> **Exercise requirements**: After locating the line with "WOZ-waarde Gedempte Nieuwesloot 50-A Alkmaar" below, output it and each following line exactly, stopping after the line with "Deux Lapins Müslin". No pictures.

> **Material for this task**:
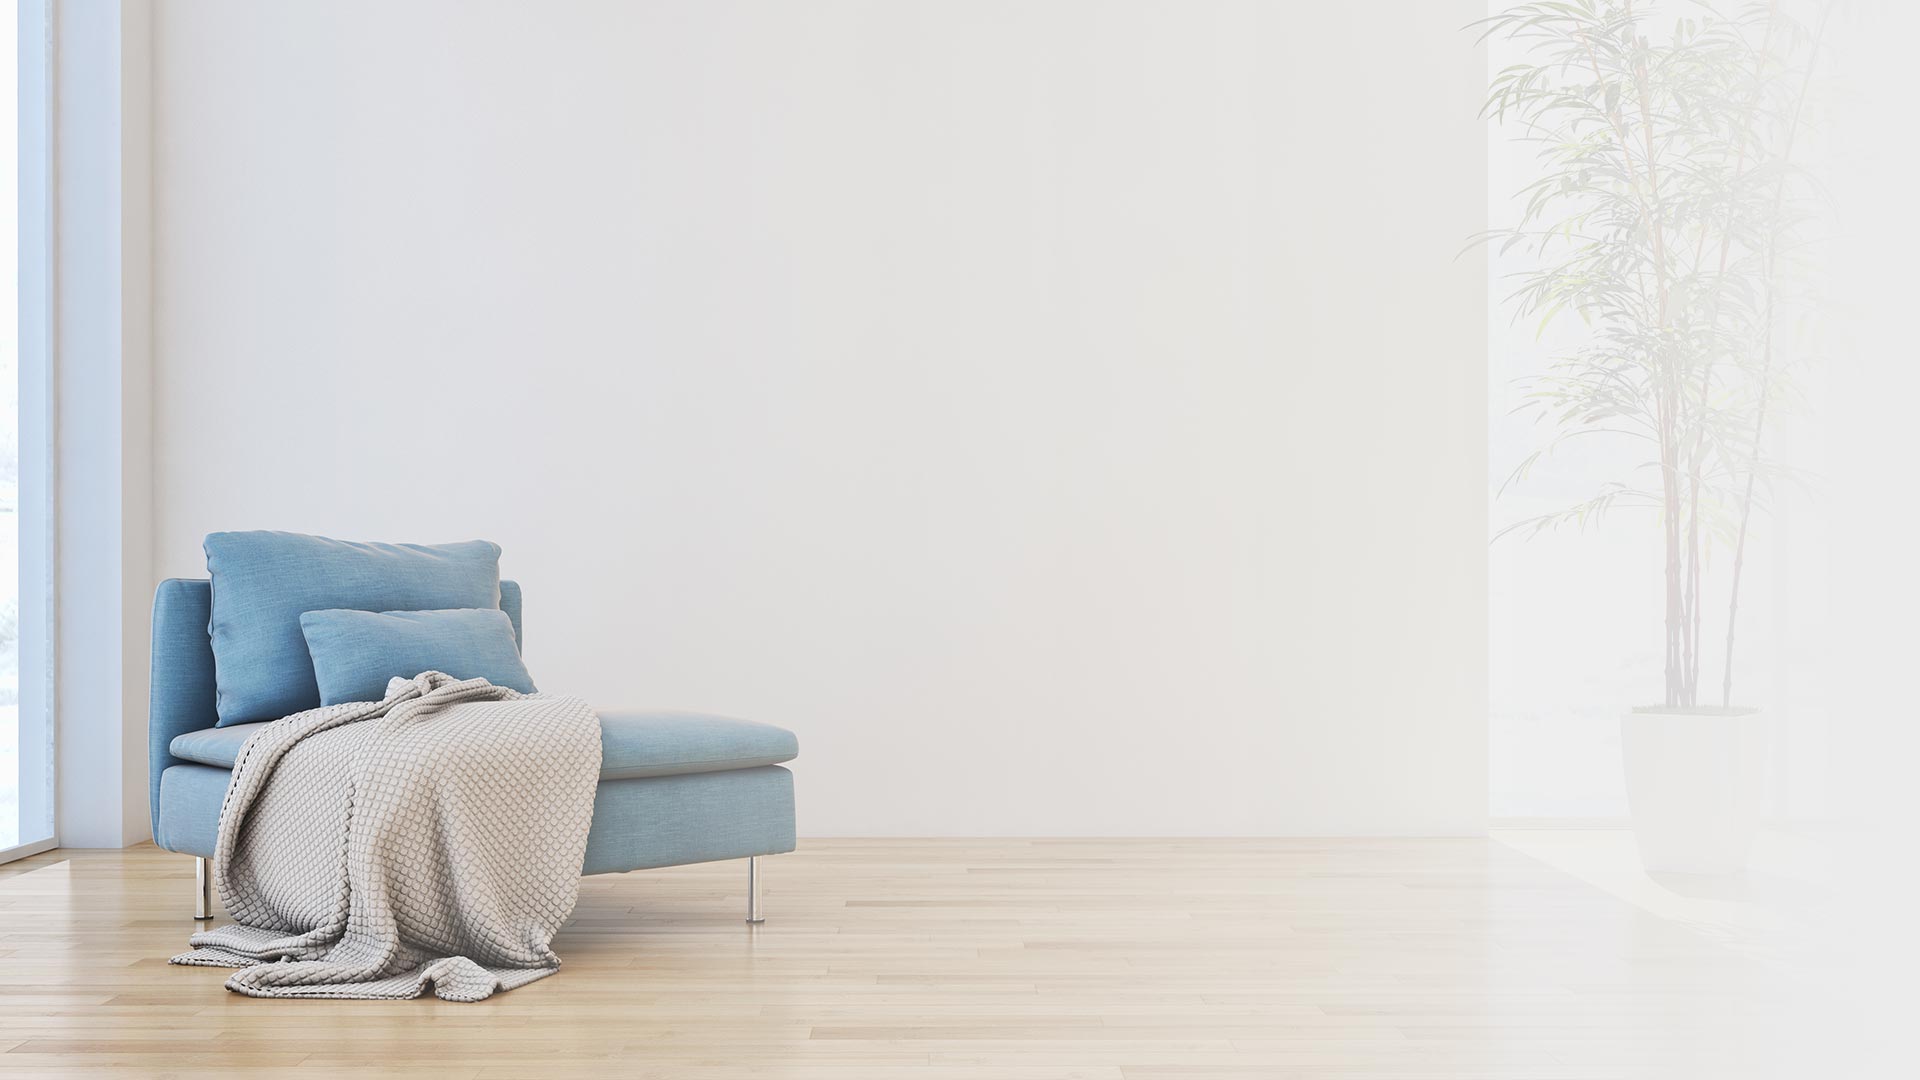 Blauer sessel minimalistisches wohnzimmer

---

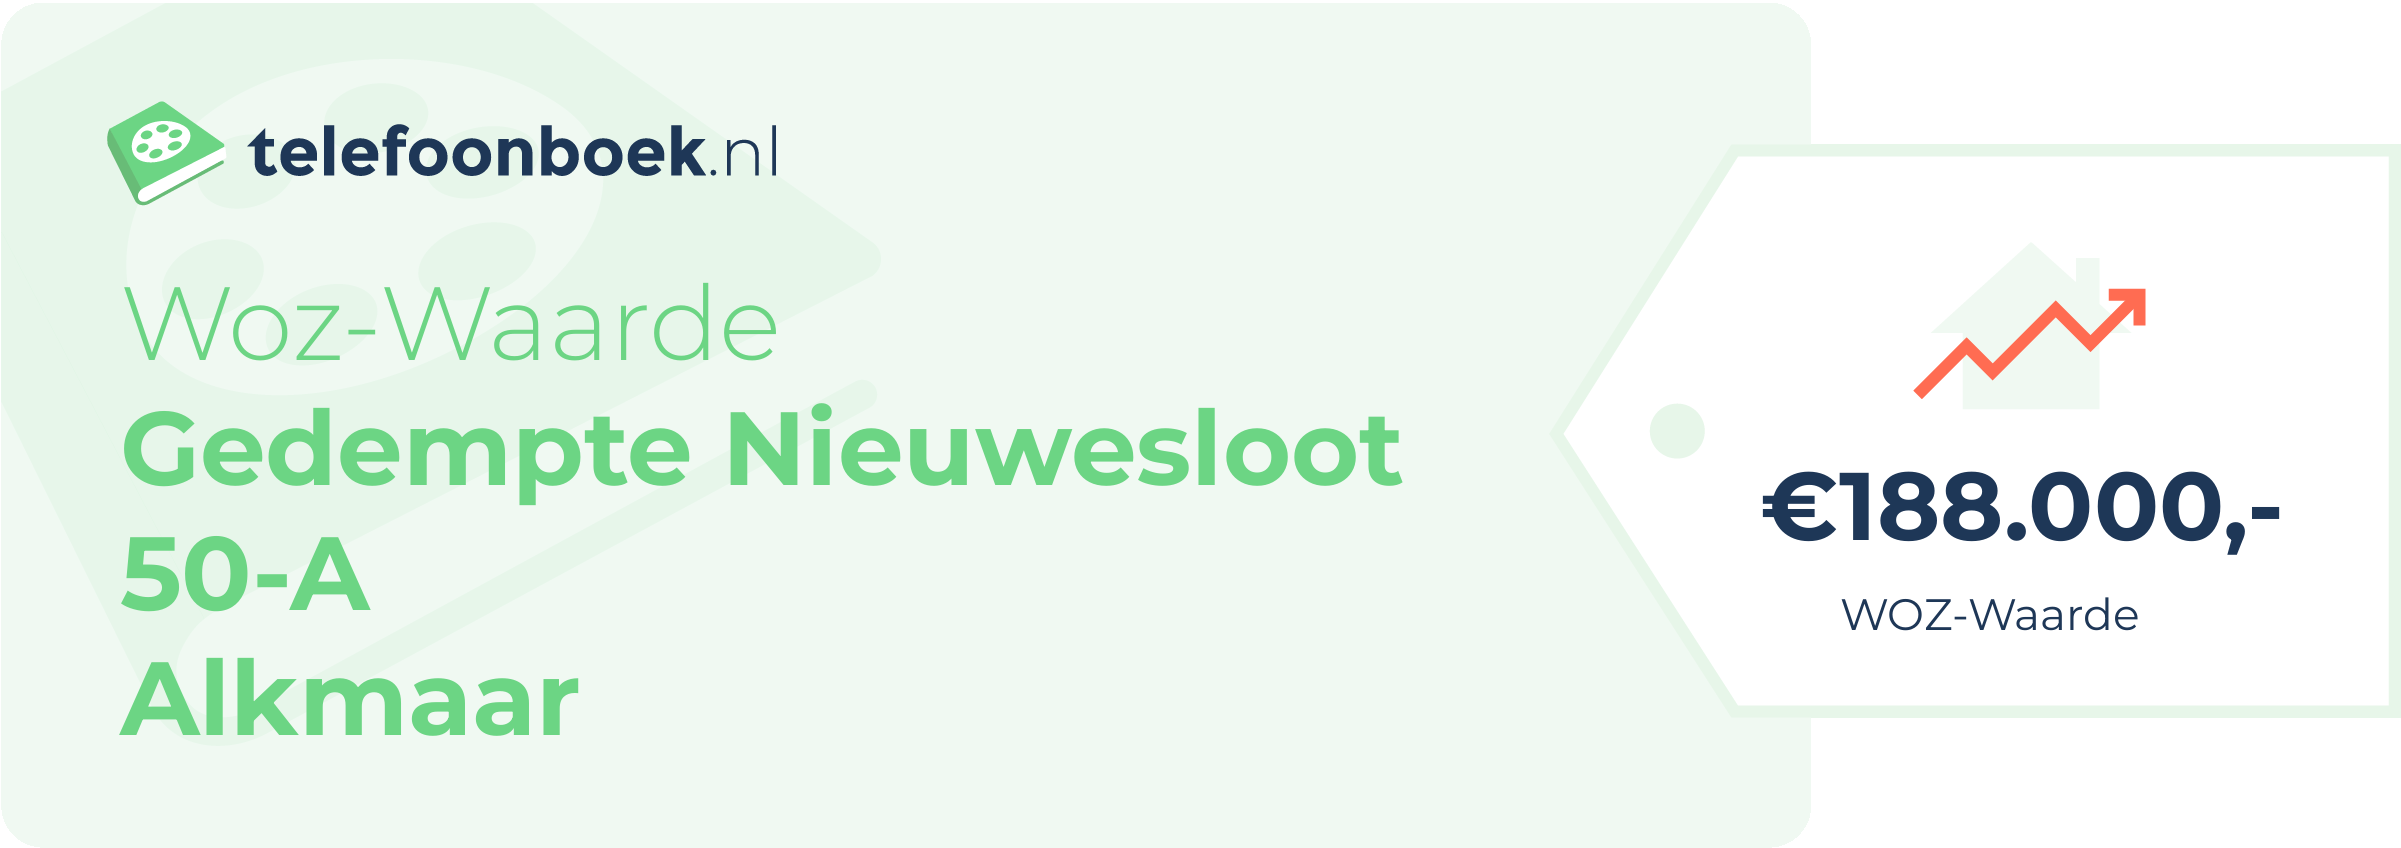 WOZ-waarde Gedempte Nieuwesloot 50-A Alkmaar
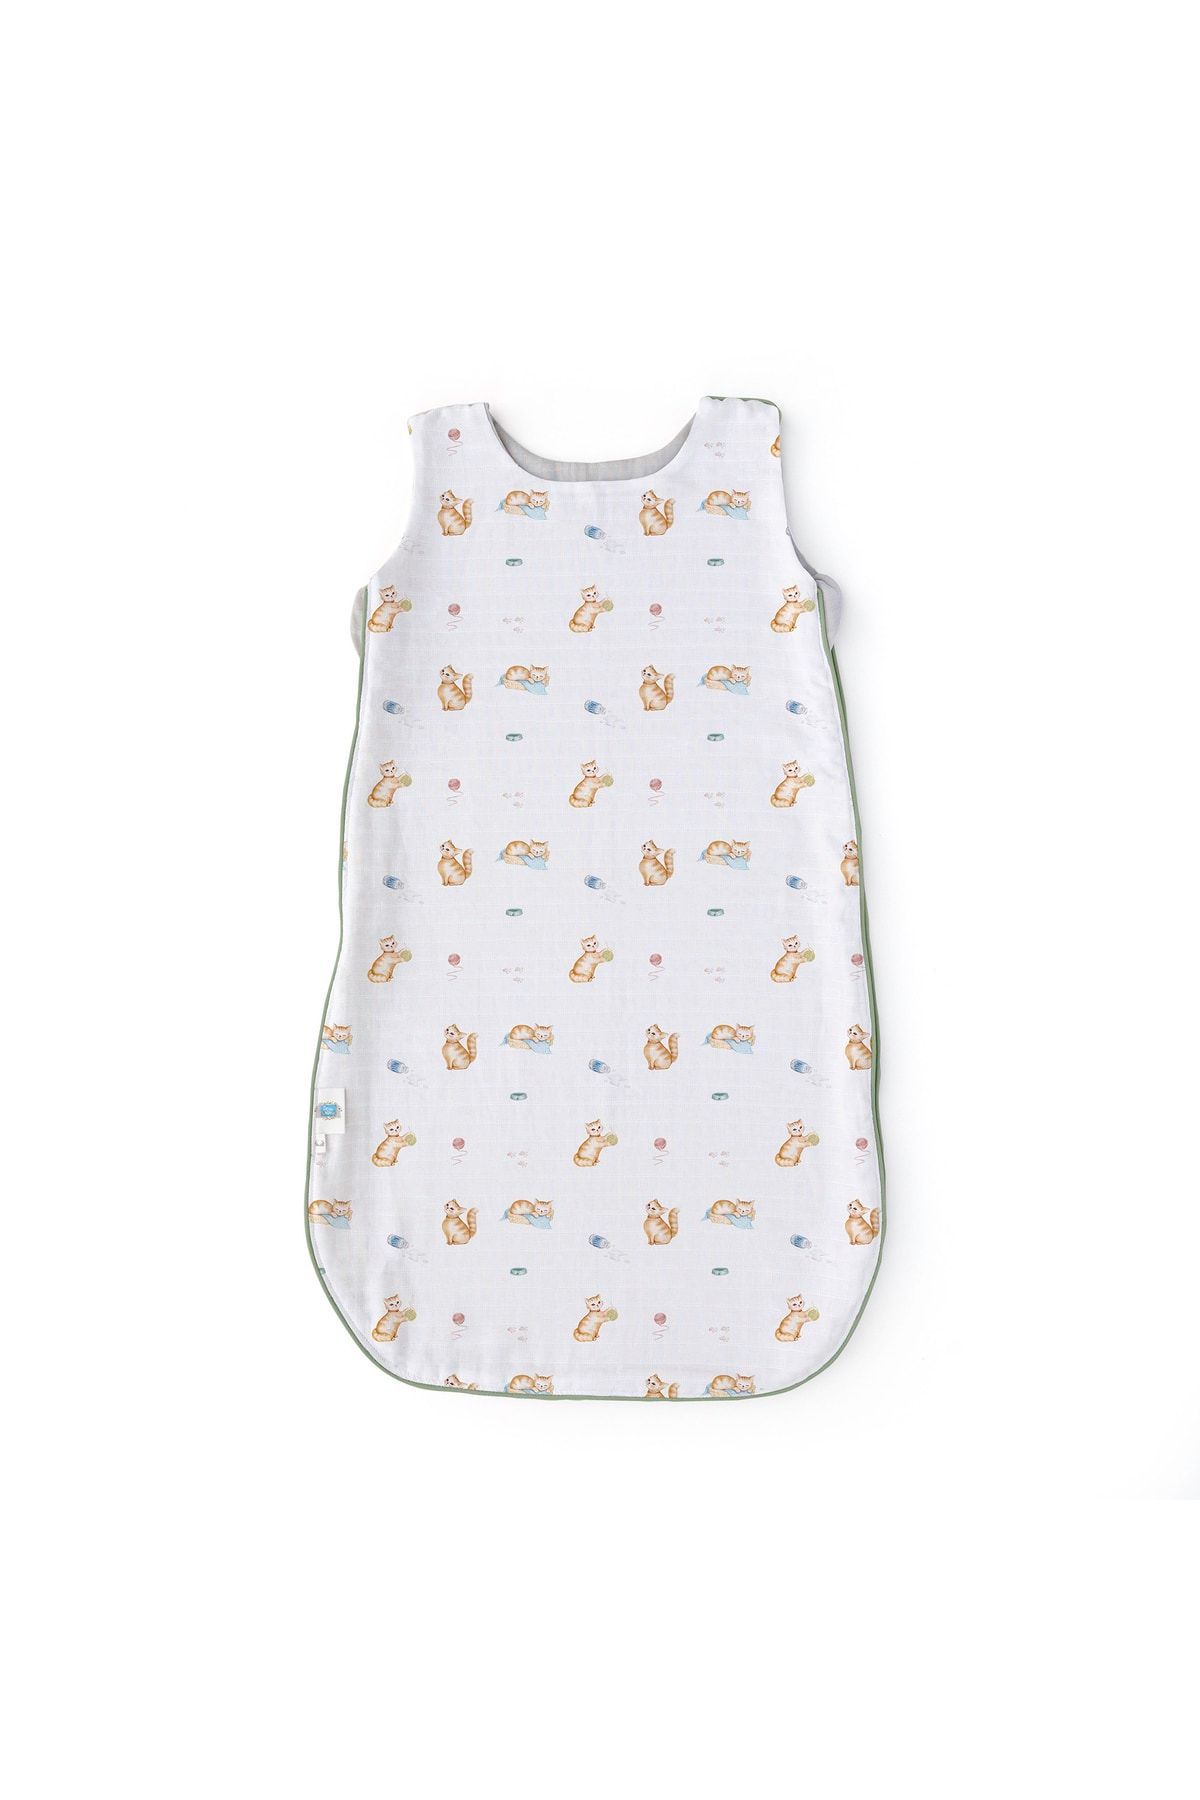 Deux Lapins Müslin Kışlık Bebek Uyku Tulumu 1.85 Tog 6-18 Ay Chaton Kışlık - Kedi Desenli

> **Expected output**:
 WOZ-waarde Gedempte Nieuwesloot 50-A Alkmaar
 Deux Lapins Müslin Kışlık Bebek Uyku Tulumu 1.85 Tog 6-18 Ay Chaton Kışlık - Kedi Desenli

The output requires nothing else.